■ **YOUR GOAL**
Your copy should hold only the lines from the one with "Thoroughbred Investment Group" to the one with "VANS Classic Checkerboard", both included, each exactly as it stands below, with no pictures.

■ **RECORDS FOR THE EXERCISE**
——
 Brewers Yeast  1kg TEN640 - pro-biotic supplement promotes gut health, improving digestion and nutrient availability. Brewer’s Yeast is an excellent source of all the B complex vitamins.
——
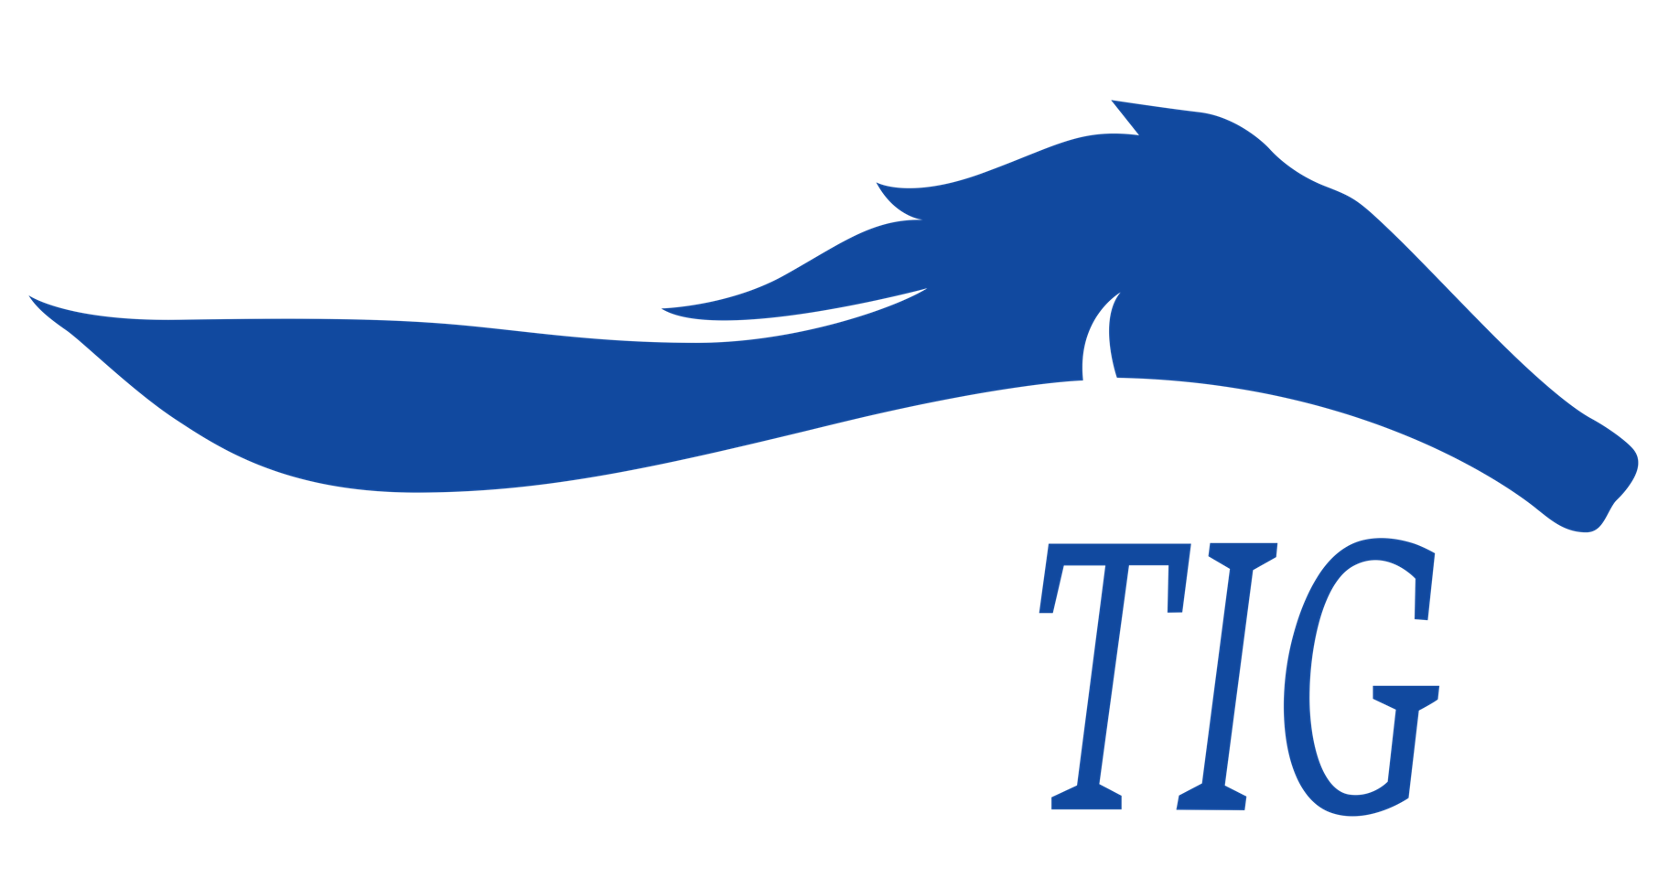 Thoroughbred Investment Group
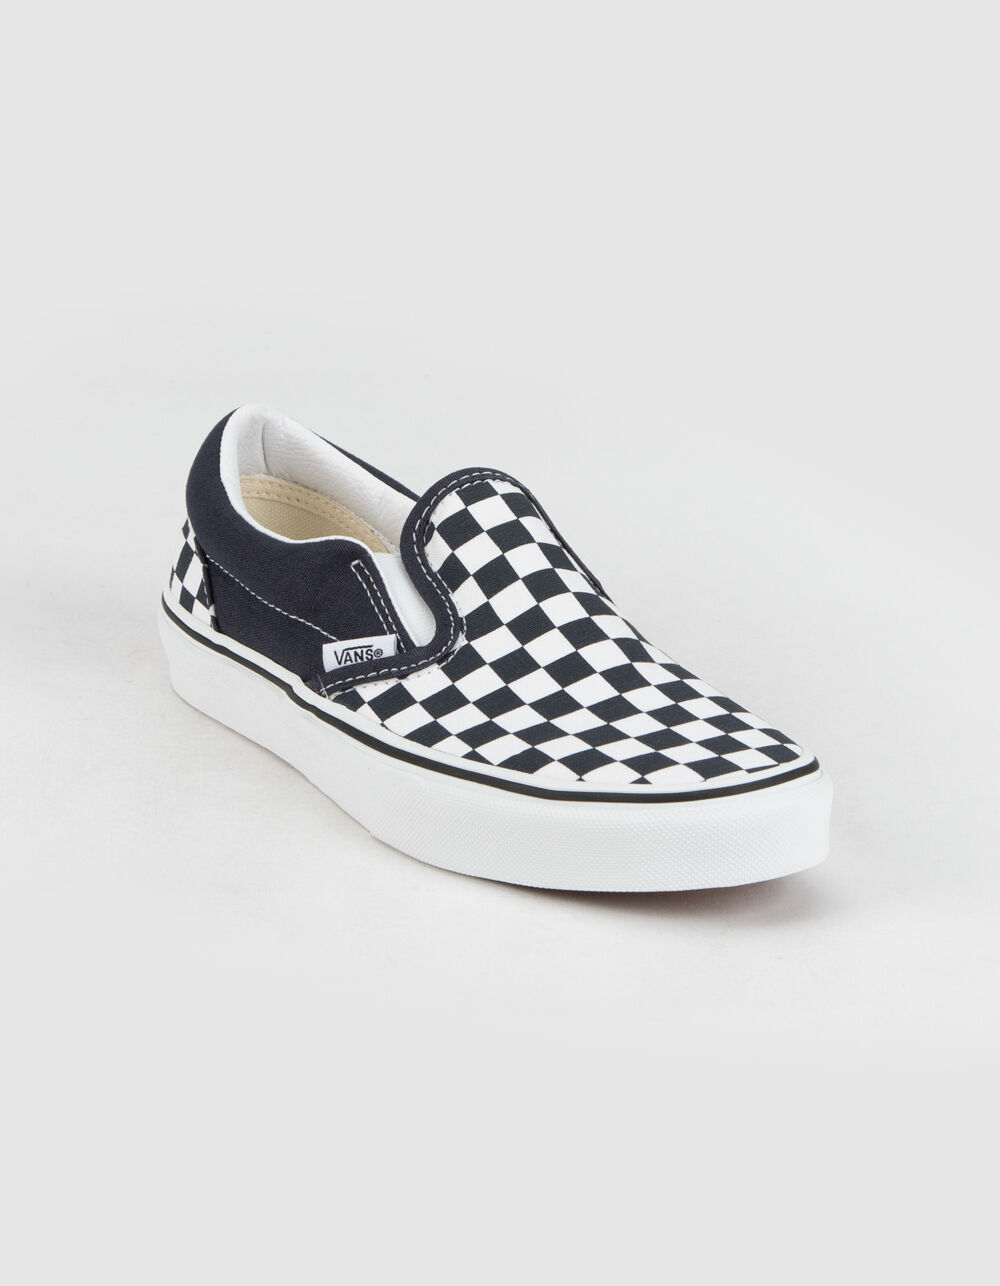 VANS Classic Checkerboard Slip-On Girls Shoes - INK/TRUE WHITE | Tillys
——
■ **RESPONSE TO THE TASK**
 Thoroughbred Investment Group
 VANS Classic Checkerboard Slip-On Girls Shoes - INK/TRUE WHITE | Tillys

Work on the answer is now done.